Swimming Your Kids’ Way to Safety This Summer
By Ashley Sigrest
Hip hip hooray, summer is on its way! With the summer heat comes the opportunity to cool off in the water. It’s officially the season to start swimming lessons. Even if your children had lessons in the past and were great swimmers last year, it’s still important to go over water safety with them before you let them loose this summer.
The Dangers of Water
According to the Center for Disease Control, 10 people in the United States die from unintentional drowning every day and it is the second leading cause of death in children ages 1-14 years old. No matter how well you think your children can swim, take the time to go over some guidelines, whether you’re at the pool or on the beach. Just like you would remind your kids to look both ways before crossing the street, it’s essential to reiterate the safety rules of where you might be swimming.
Are Swimming Lessons Necessary?
The risk of a child drowning drops by 88% for children between the ages of 1 and 4 who have had swimming lessons, as reported by the CDC. For babies or toddlers to learn survival techniques like rolling onto their backs in the water, it typically takes many lessons and the learning process can last for months. It takes consistency to master these survival skills and can bring about a lot of tears. If you have a pool at home, these lessons are beneficial, but if not, it’s fine to wait until your child is older. Just be sure you keep your little one in a floating device, such as a puddle jumper or a life vest of the appropriate size.
One Moment that Changed Everything
While spending time with family and watching all the kids swim in the backyard pool, Jamie Gross remembers thinking how good the older boys had become at holding their breath. She then quickly realized it was her 2-year-old son on the bottom of the pool. “I don’t know when he took off his arm floaties or how long he had been under the water. I only know that when I got to him, he wasn’t breathing.”
Thankfully her son survived and this event is what lead Gross to the Olive Branch YMCA to not only teach swimming lessons, but to help train swimming instructors and life guards. The Olive Branch YMCA is currently training swim instructors and offers swim lessons for people of all ages and skill levels.
Sometimes swim lessons can give a false sense of security to children and parents.

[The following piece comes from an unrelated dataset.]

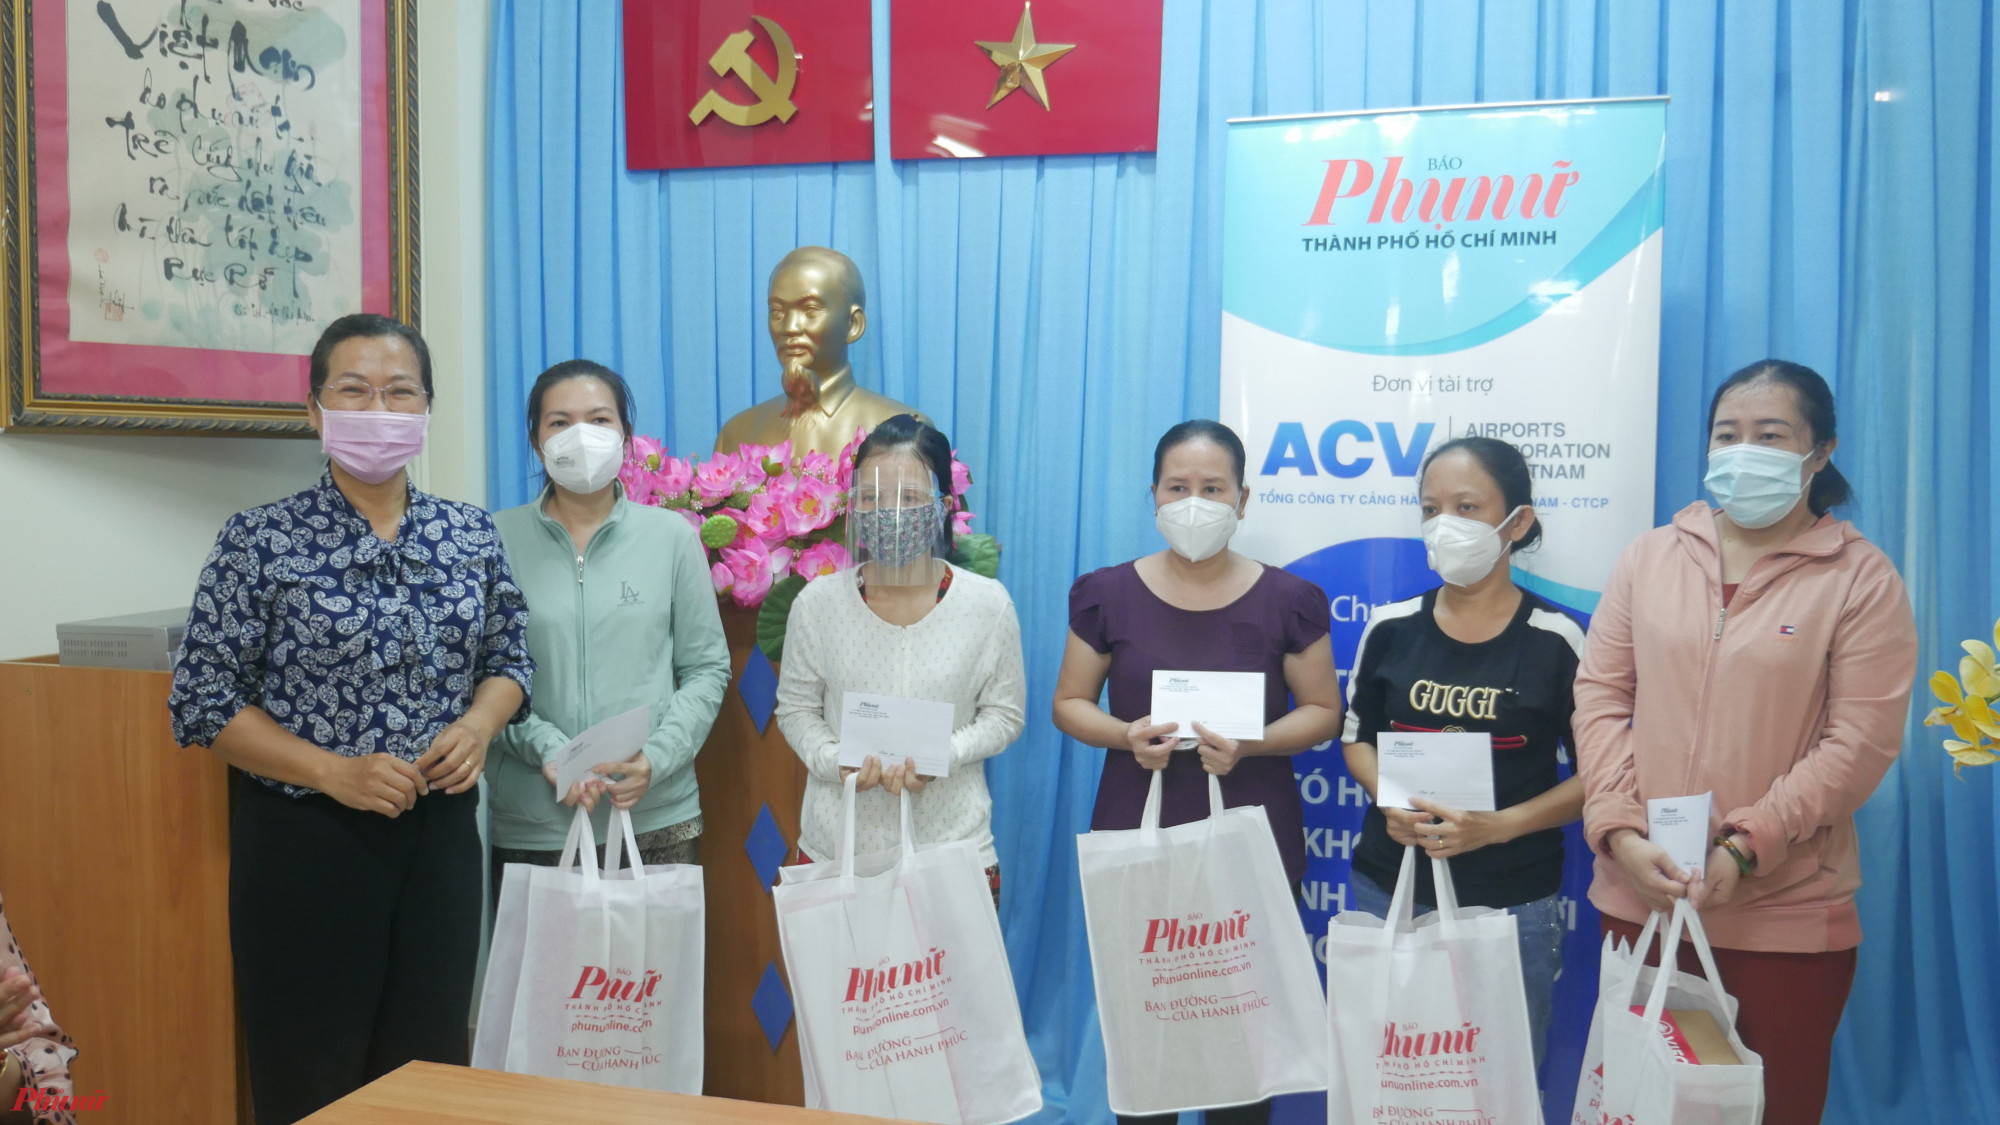 25 hội viên phụ nữ khó khăn tai quận Phú Nhuận vừa được nhận những phần quà hỗ trợ từ Báo Phụ nữ và Tổng công ty Cảng hàng không Việt Nam

The notion that because a child had lessons he won’t need as much supervision as before is a lie. Children will always need to be watched in the water as there are always unpredictable situations that can arise. Drowning can happen in mere seconds even when you think you are watching your children. Parents can easily get distracted. A small window of time is all it takes for a child to drown. If you have to step away for any reason, make sure you get your children out of the water first. Never assume they’ll be safe for even just a minute. Parents should always be within an arms distance to be able to quickly rescue their child if needed. Small backyard pools that only have a few inches of water in them can still be a drowning risk for toddlers and preschoolers.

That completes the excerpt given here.